Mormons love little social media campaigns, whether it’s encouraging people to #DiscoverTheBook or changing their profile pictures to say, “I’m a Mormon”. The latest Mormon social media missionary effort is the hashtag, #MormonByChoice, started by LDS photographer, Jill Thomas. (Who, according to someone on Ex-Mormon Reddit, is a really awesome person who has gone through a lot of hard things. She’s also super cute!)
The hashtag apparently came in response to a number of Jill’s friends leaving the LDS church and posting about it publicly (something many of us are familiar with.) She claims that some of her “non-member” friends were affected by these ex-Mormon voices, so she decided to let others know that she chooses her faith.
While I totally understand’s Jill’s motives (I would have been all-aboard this campaign a year ago!) I think there are some interesting insights to be made from #MormonByChoice.
The church has been heavily pushing the “faith is a choice/doubt your doubts” rhetoric lately, as it’s seen members resigning left and right. I’ve written before about faith being a choice, but not in the way that we think. I recommend you go and read it, because I don’t want to write my thoughts out again. 😉
Essentially, I believe faith is a choice up to a certain point, and part of the choice is choosing what you expose yourself to. A scientologist who never exposes himself to truths about the Church of Scientology can go their entire life believing L. Ron Hubbard was the most noble man to ever walk the planet. If, however, they decide to conduct some unbiased research into his character, they’ll soon discover a very different story, which they can (perhaps) choose to accept or dismiss. (Cognitive dissonance, you know?)
However, for many people, myself included, faith stops becoming a choice at a certain point. When evidence is so overwhelming and legitimate that nothing short of Olympic-level mental gymnastics can make it fit together anymore in one’s mind, it’s almost impossible (for me, impossible) to continue believing. I would personally call it “delusion”, not faith, at that point.
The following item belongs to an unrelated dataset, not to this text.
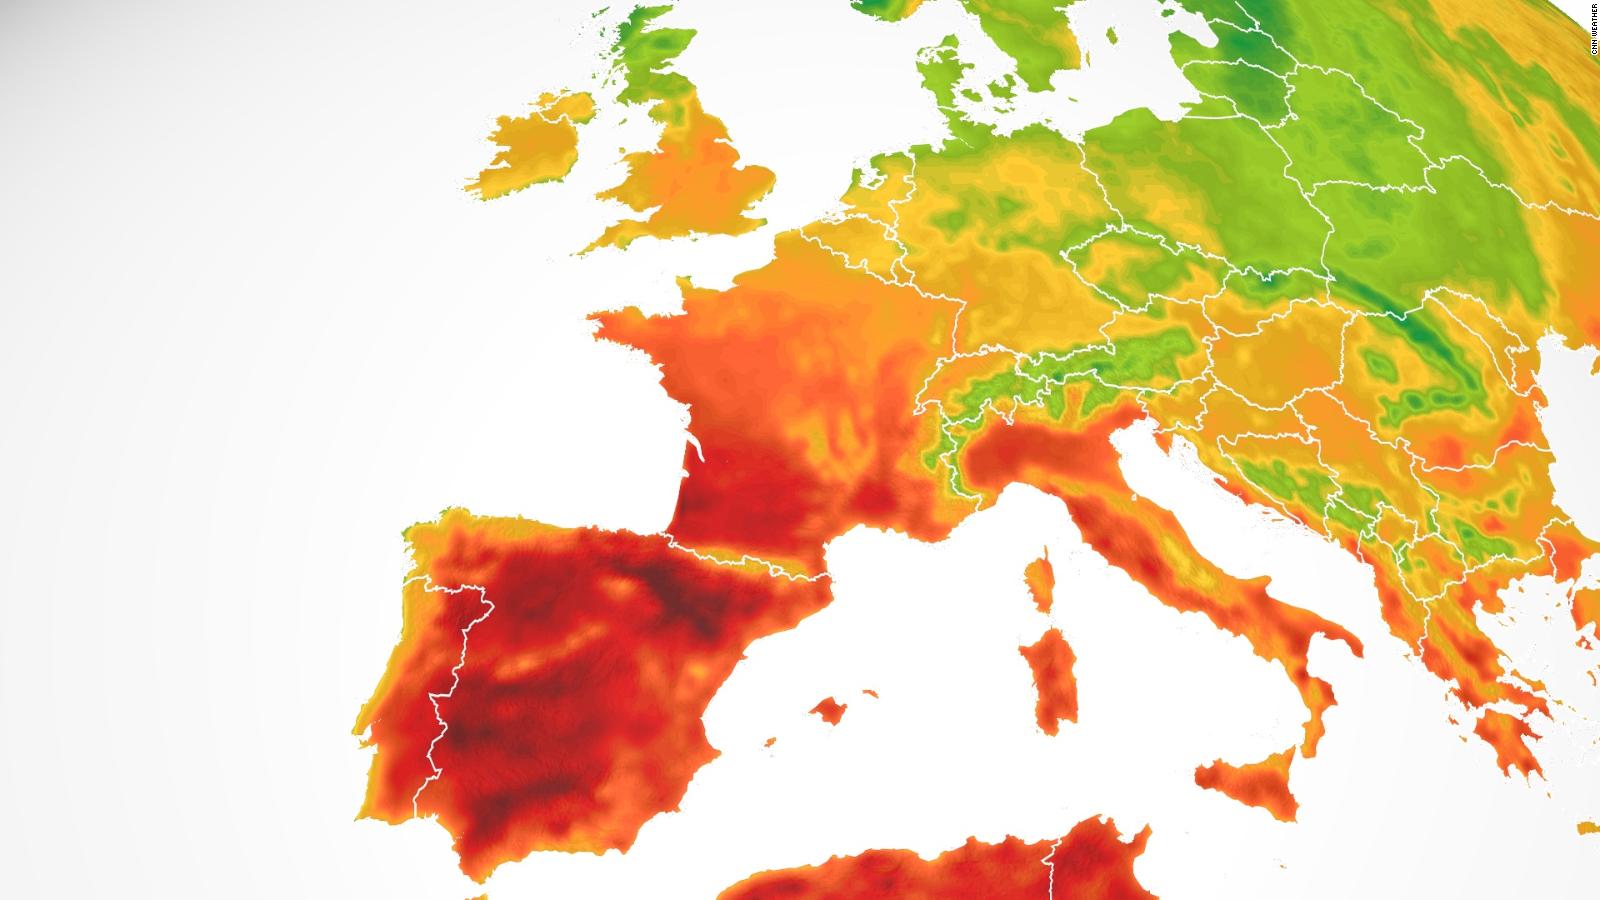 L’Europa occidentale affronta una pericolosa ondata di caldo

It frustrates me that this campaign could propagate the idea that we can just choose to stay even when we have doubts or don’t believe. It isn’t really a choice when you realize it’s not true anymore. My life would be easier if I stayed Mormon but I personally, I can never go back knowing what I know now.” – Reddit user
As much as this campaign tries to push the narrative that being Mormon is a choice . . . it’s not exactly true. Not for most members, anyway. For any Mormons reading this — if you were born in a heavily Muslim country, do you think you’d choose to be Mormon? I’m guessing you can recognize that the answer is “no”, because it’s unlikely you’d even be given that choice!
Mormons may choose whether or not to stay in the church they were raised in — hence the “choice’ element of their faith — but they typically make that choice based on a lifetime of bias, family and social pressures, a whitewashed narrative given by the church, and other factors that make their choice semi-determined before they even make it. Kind of like an 8-year-old getting baptized.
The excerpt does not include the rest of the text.